§ **ASSIGNMENT**
The required output is the run of lines from the one holding "Mother Day , عيد" through the final line of the listing, restated word for word, with no pictures.

§ **COLLECTED DATA**
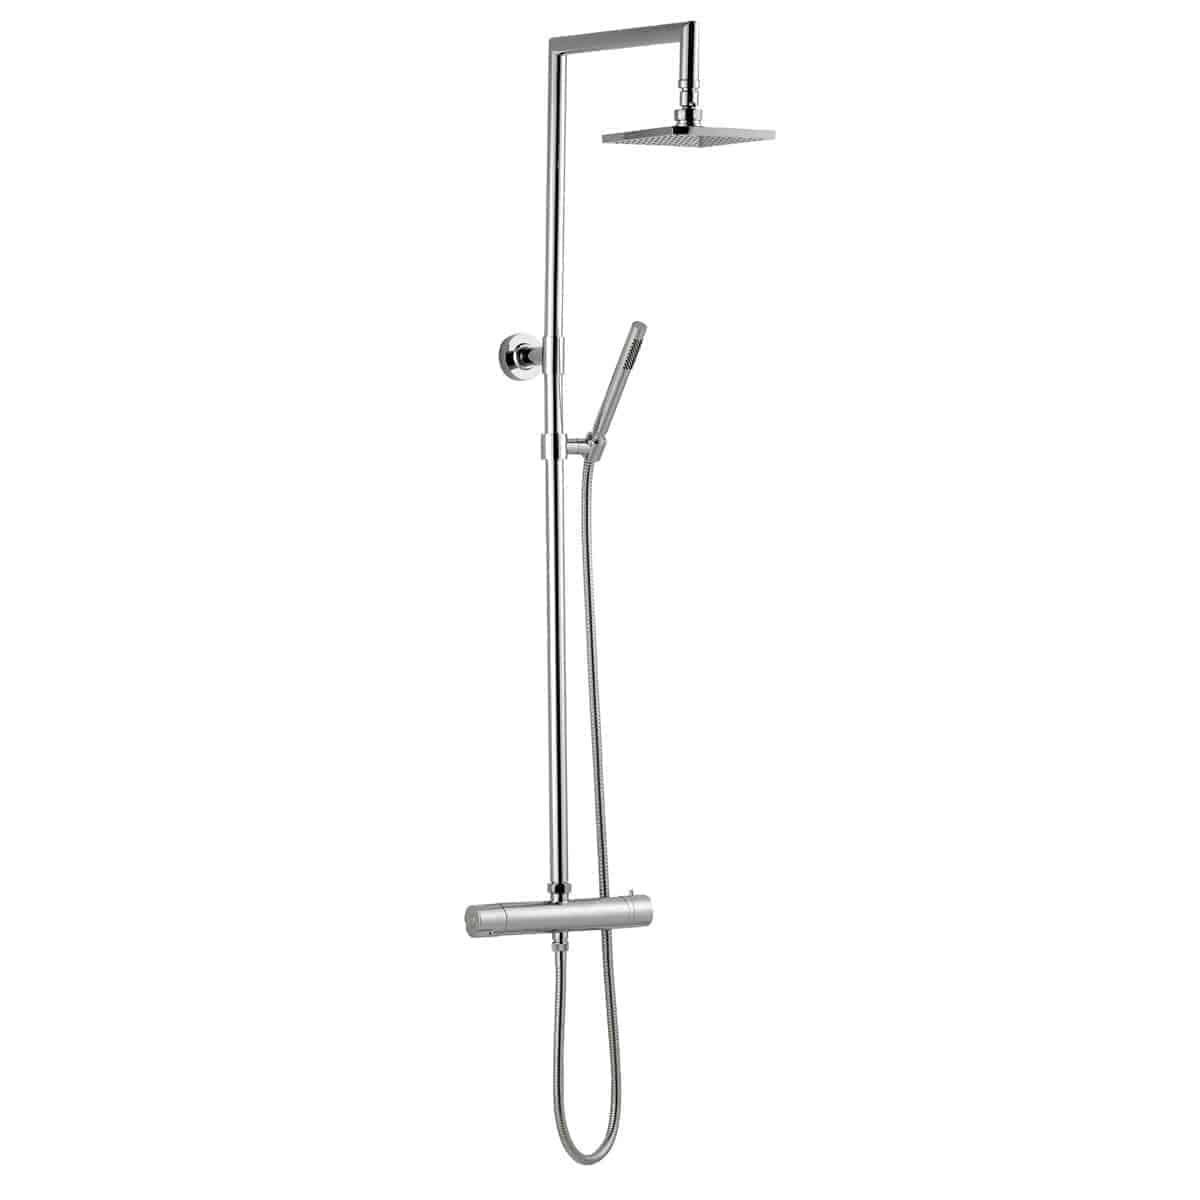 Thermostatic Bar Bathroom Shower Valve
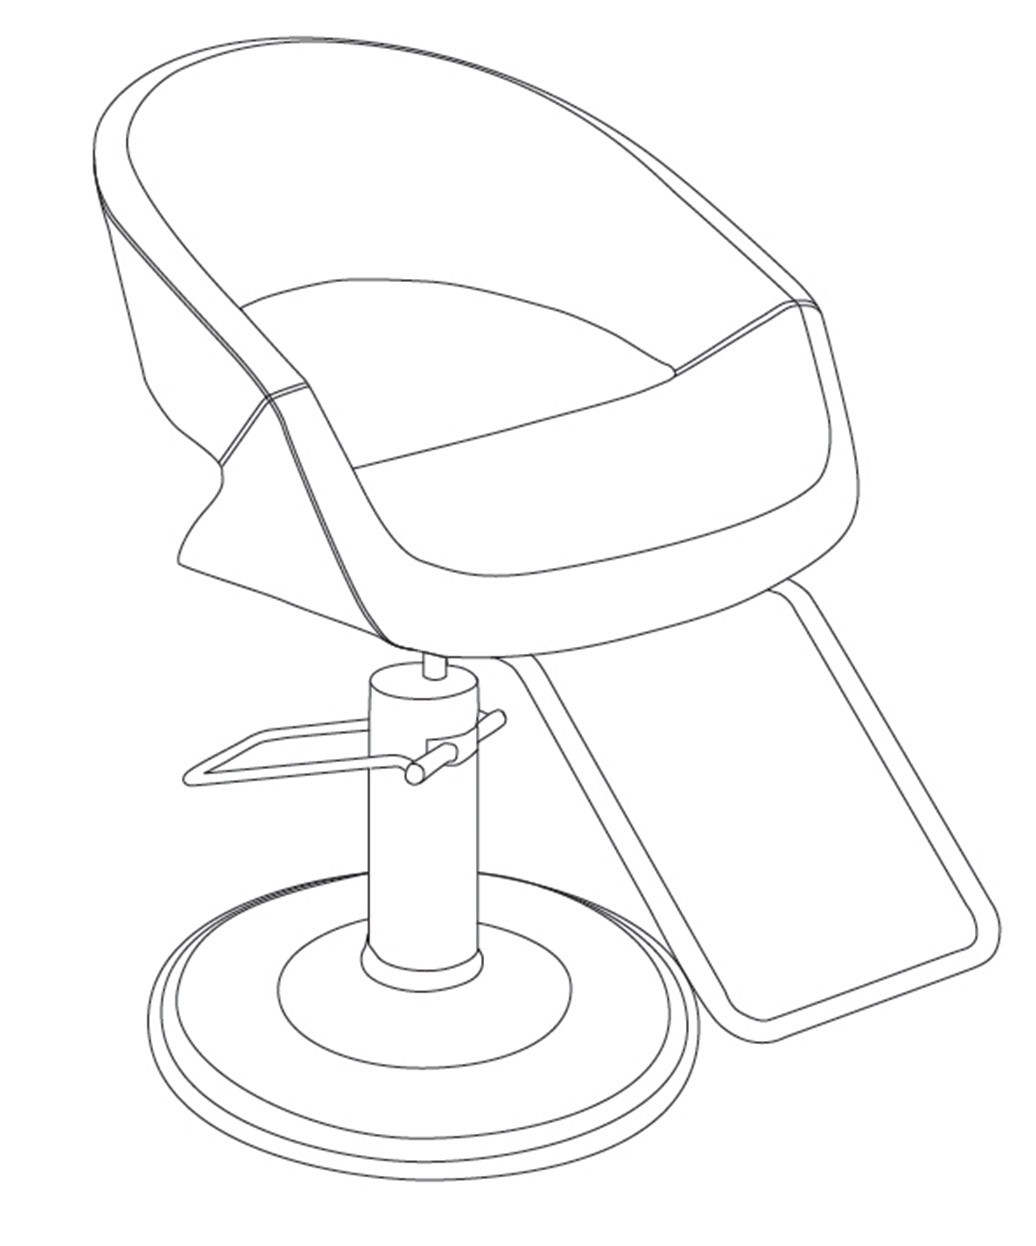 Takara Belmont ST-M80 Caruso Styling Chair
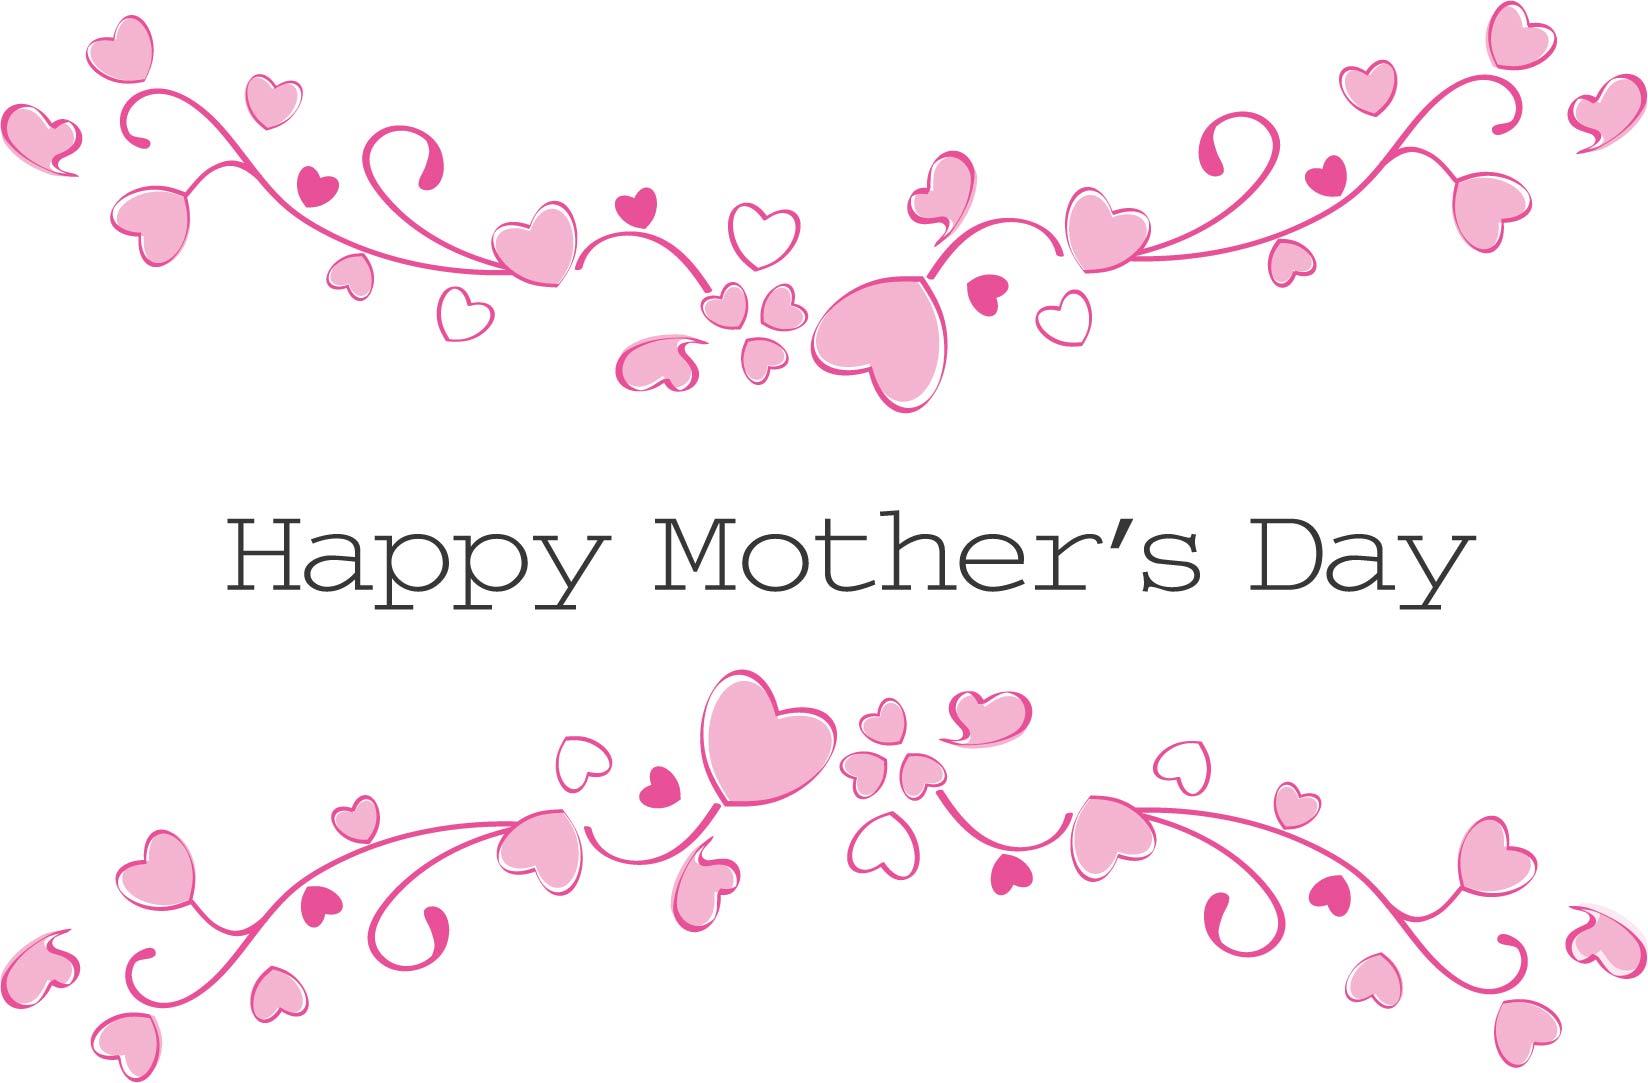 Mother Day , عيد الأم, يوم الأم, , صور عيد الأم
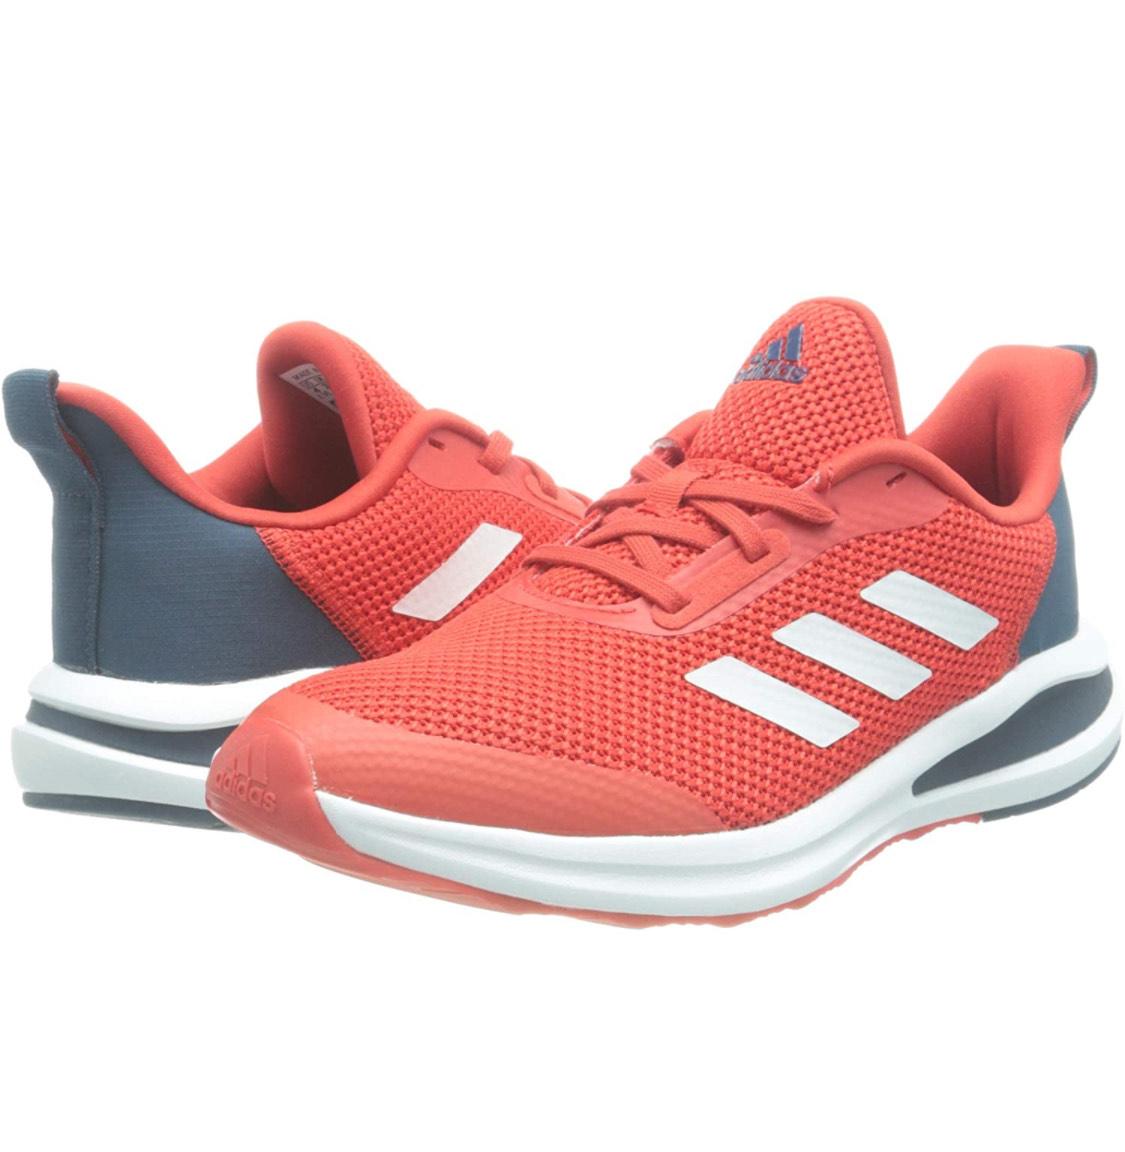 Zapatillas Adidas unisex talla 38.

§ **TASK ANSWER**
 Mother Day , عيد الأم, يوم الأم, , صور عيد الأم
 Zapatillas Adidas unisex talla 38.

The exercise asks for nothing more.